A comprehensive dataset of magnetic resonance enterography images with intestinal segment annotations

Zhangnan Zhong1,2, Li Huang3, Shi-Ting Feng3

  • 1Medical AI Lab, School of Biomedical Engineering, Shenzhen University Medical School, Shenzhen University, Shenzhen, 518060, China.

Scientific Data
|March 12, 2025
PubMed

Insights

Researchers created a new dataset of whole-bowel MRI scans for Inflammatory Bowel Disease (IBD) patients.
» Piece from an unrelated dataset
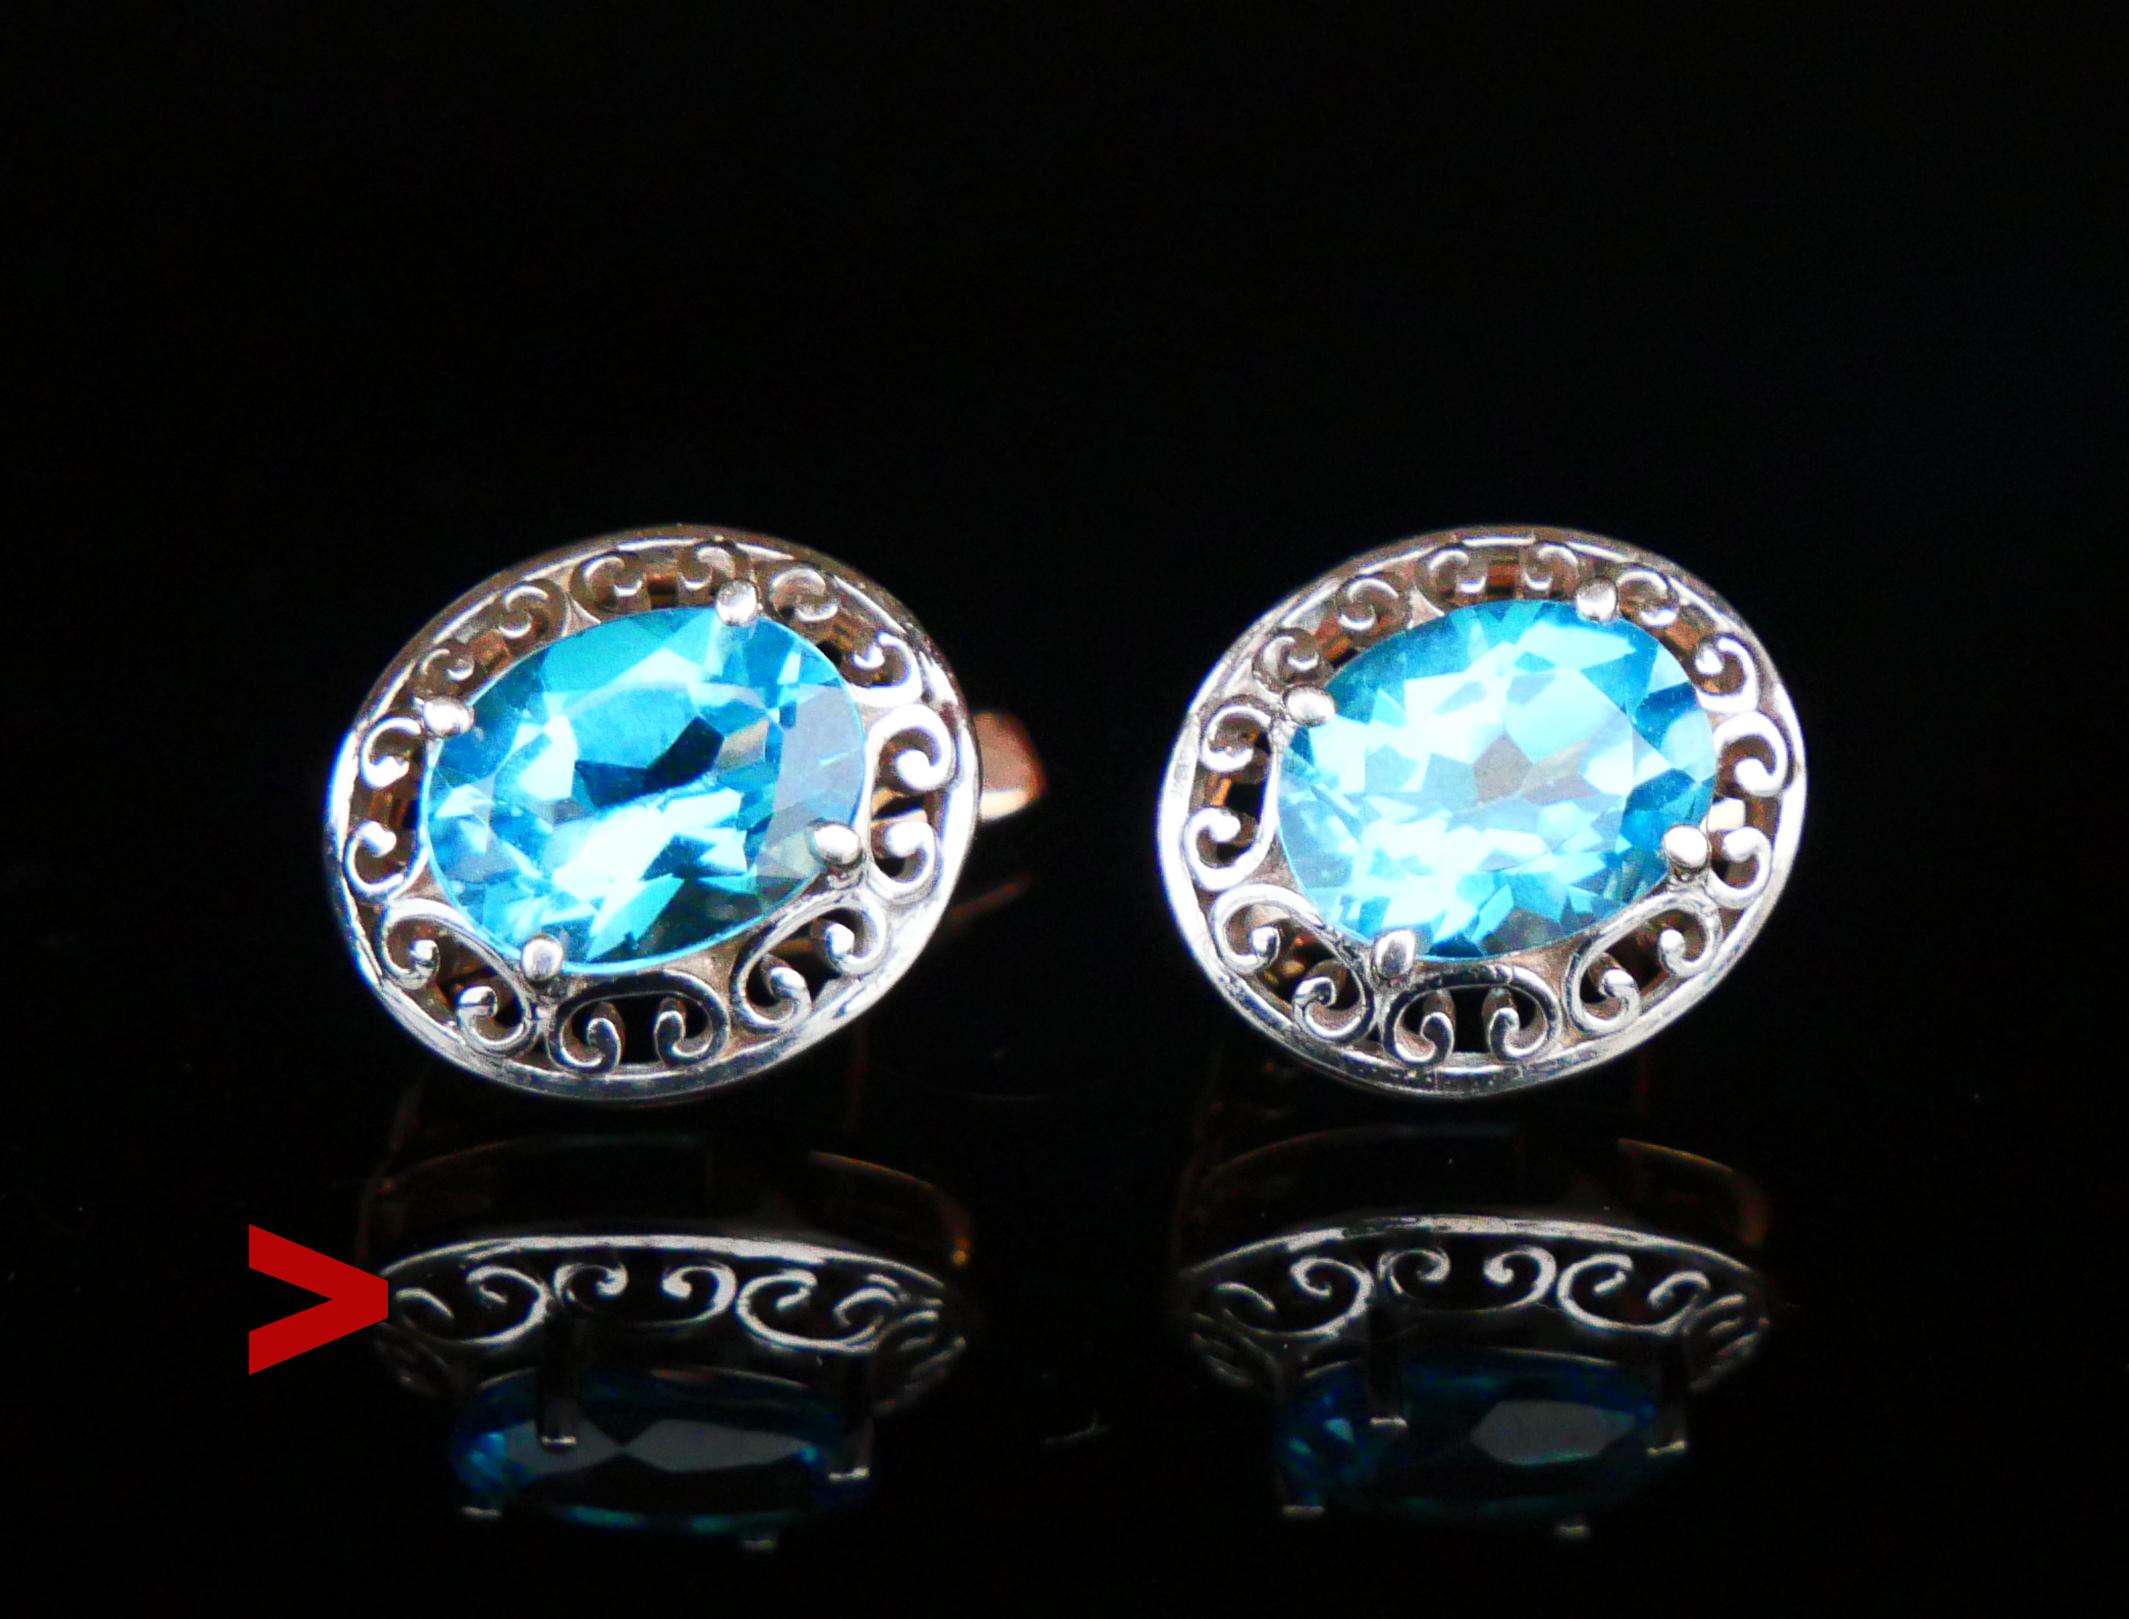 A pair of Russian Soviet period Huggies Earrings in solid 14K Rose Gold with lining in 14K White Gold holding oval cut Topaz settings 9mm x 7 mm /ca. 2ct each.

Each earring is marked with late Soviet Union period Russian 583 and maker's

This resource aids in developing AI tools for faster, automated diagnosis and monitoring of IBD using magnetic resonance enterography.

Area of Science:

  • Medical Imaging
  • Artificial Intelligence
  • Gastroenterology

Background:

  • Inflammatory Bowel Disease (IBD) diagnosis and monitoring rely on Magnetic Resonance Enterography (MRE).
  • Manual segmentation of bowel segments in MRE is labor-intensive and challenging for radiologists.
  • Deep learning for medical image segmentation requires large, annotated datasets, which are currently lacking for IBD MRE.

Purpose of the Study:

  • To address the need for a comprehensive dataset for AI development in IBD.
  • To create a high-quality, publicly available dataset of annotated whole-bowel MRE images.
  • To establish benchmark results for state-of-the-art segmentation methods on this new dataset.

Main Methods:

  • Collected MRE data (coronal HASTE sequences) from 114 IBD patients who ingested 2.5% mannitol.
  • Annotated 1600-2000 mL bowel images per patient into ten distinct segments with pixel-level precision.
  • Radiologists meticulously labeled the contours of each bowel segment.

Main Results:

  • Established a novel, high-quality dataset of whole-bowel MR images specifically for IBD.
  • The dataset includes fine pixel-level annotations for ten bowel segments.
  • Validated the performance of several leading AI segmentation techniques on the dataset.

Conclusions:

  • The developed dataset provides a crucial resource for advancing AI research in IBD.
  • This work facilitates the development of automated tools for MRE analysis in IBD.
  • The dataset and benchmark results pave the way for improved IBD diagnosis and management.